If you do this in order to get all substring delimited by "|", you might test this approach:
import Foundation
let s = "4|0|66|5|0|3259744|6352141|1|3259744|WSMxt208L54yZ5irtHC3|..."
let a = s.componentsSeparatedByString("|")
The built in functions are sometimes very fast and you may be getting the required performance even by using String.

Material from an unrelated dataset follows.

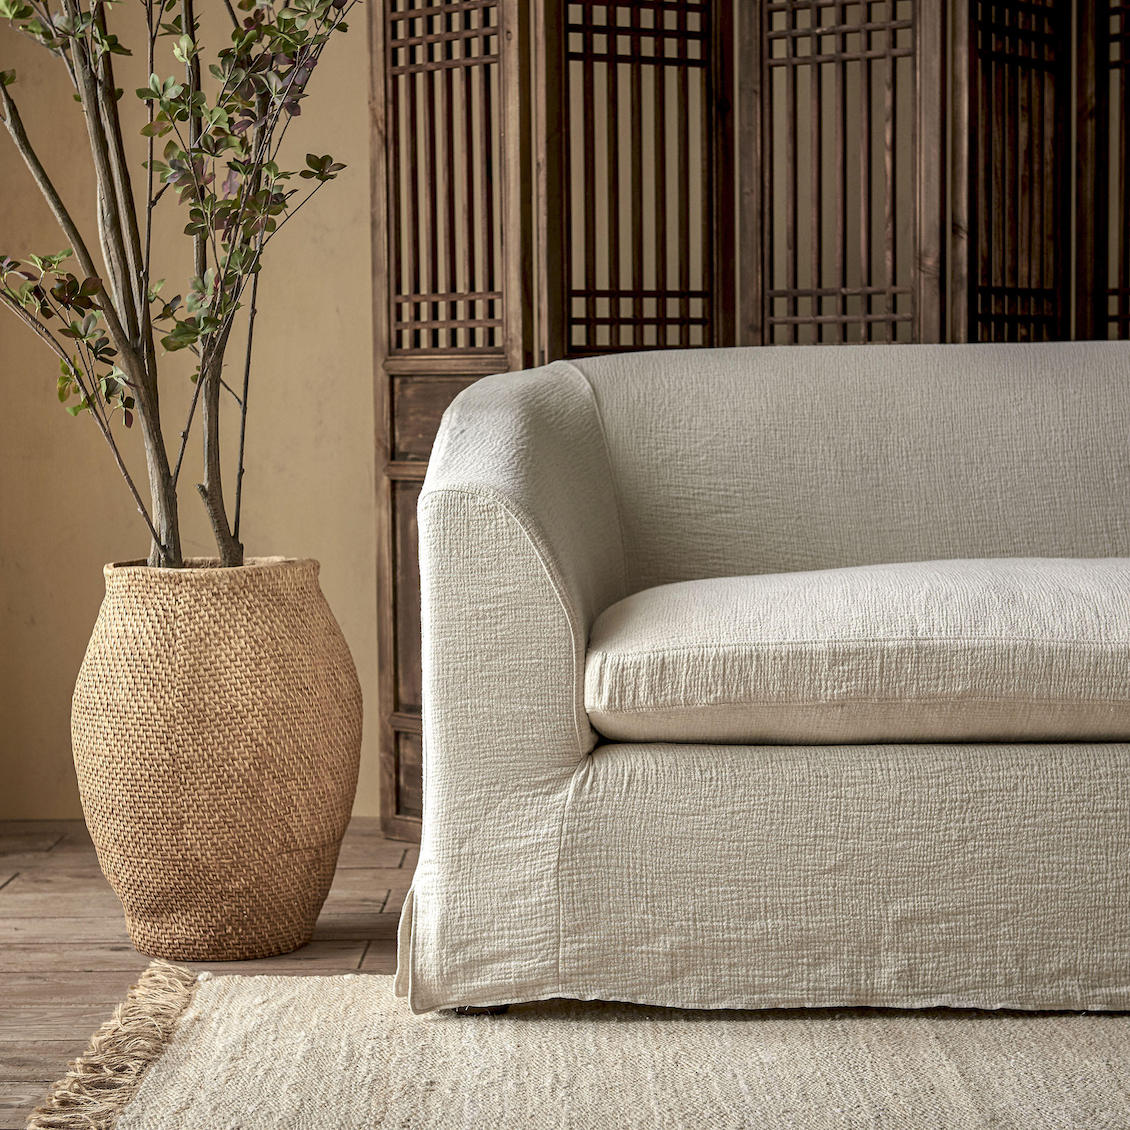 Ziki 96" Sofa in Medium Weight Linen Jasmine Rice placed in a room next to a potted tree
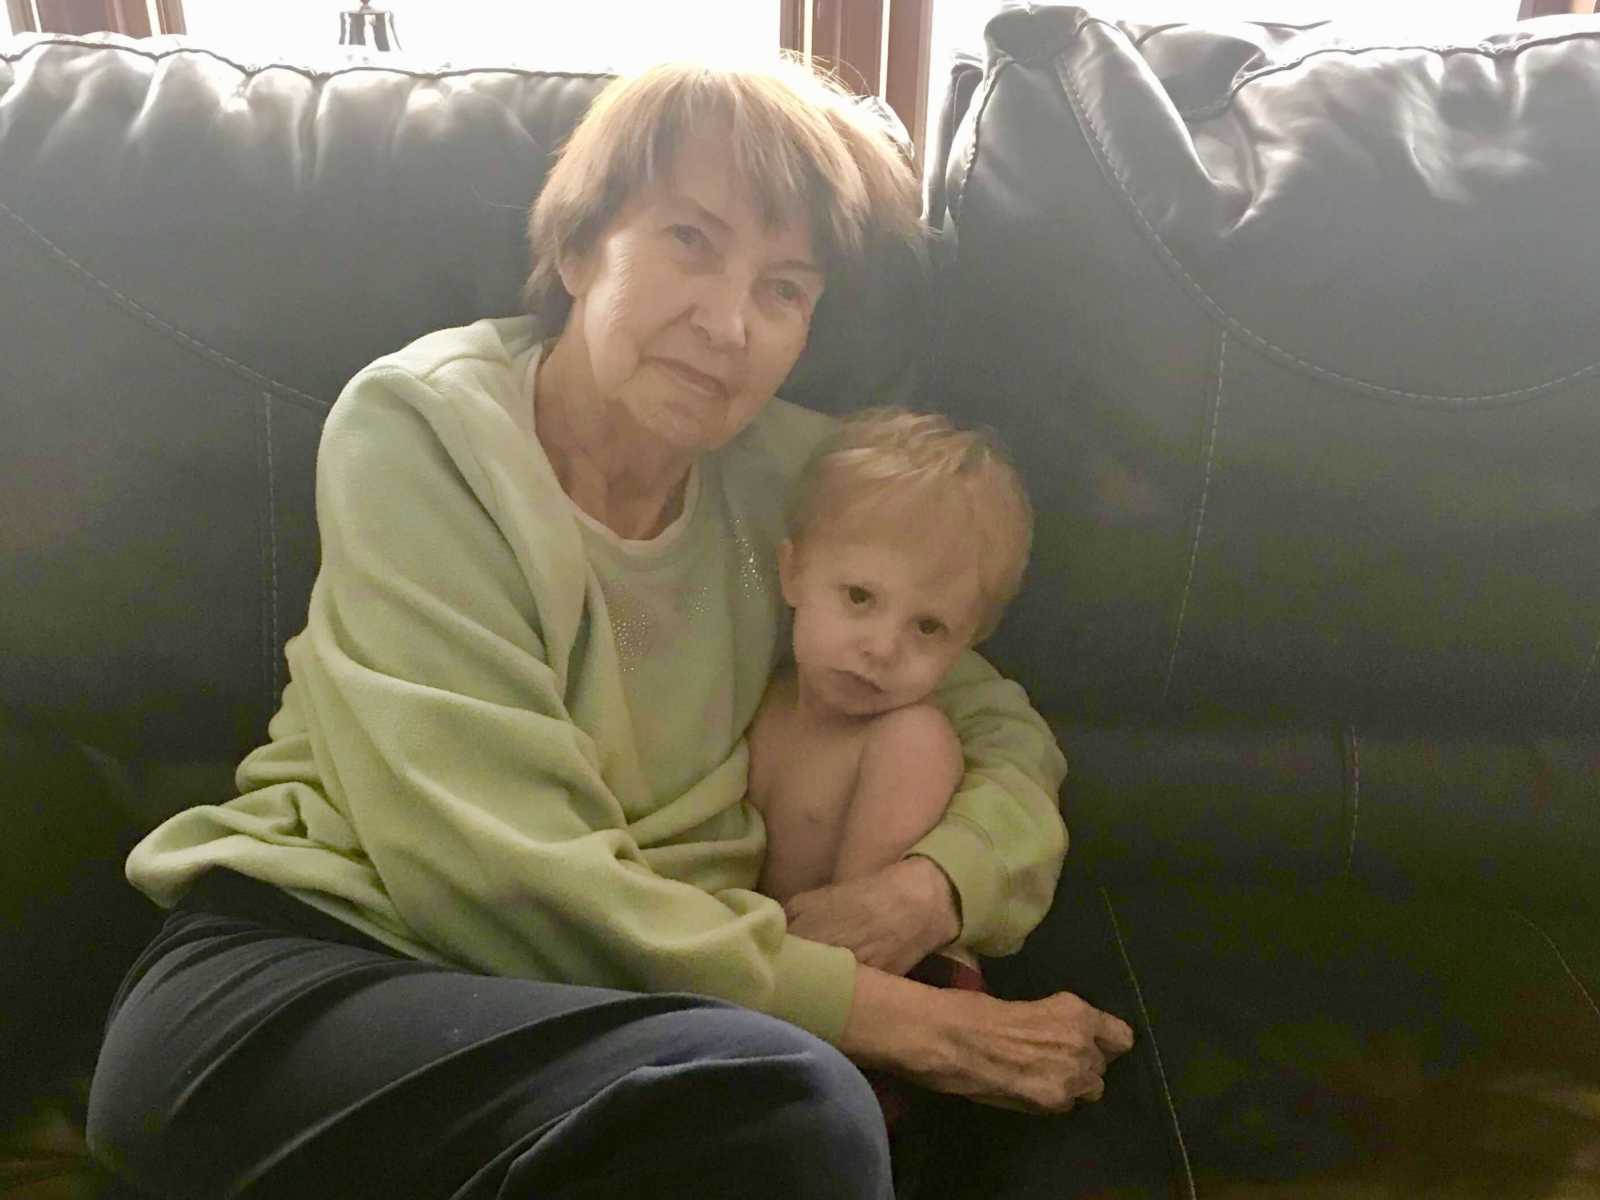 grandmother holds shirtless grandson in her arms as they sit on black leather couch

If you really need to get only the position of the last "|", you could work with utf16 representation, where advancing over the characters should be faster.
I think this should work:
let utf16String = s.utf16
var i = s.utf16Count - 1
while i >= 0 {
if utf16String[i] == 124 {
break
}
i--
}
println(i)
If the characters are guaranteed as single byte, the data is huge and performance is critical then it may be worth converting to an array of bytes (UInt8) and perform the operations directly on them. You can then convert the part that you need back to a String.
Also note that Optimised builds may be much faster than Debug builds so you should do any performance testing with the optimiser on. It may also be worth checking that the optimised versions are too slow at the moment.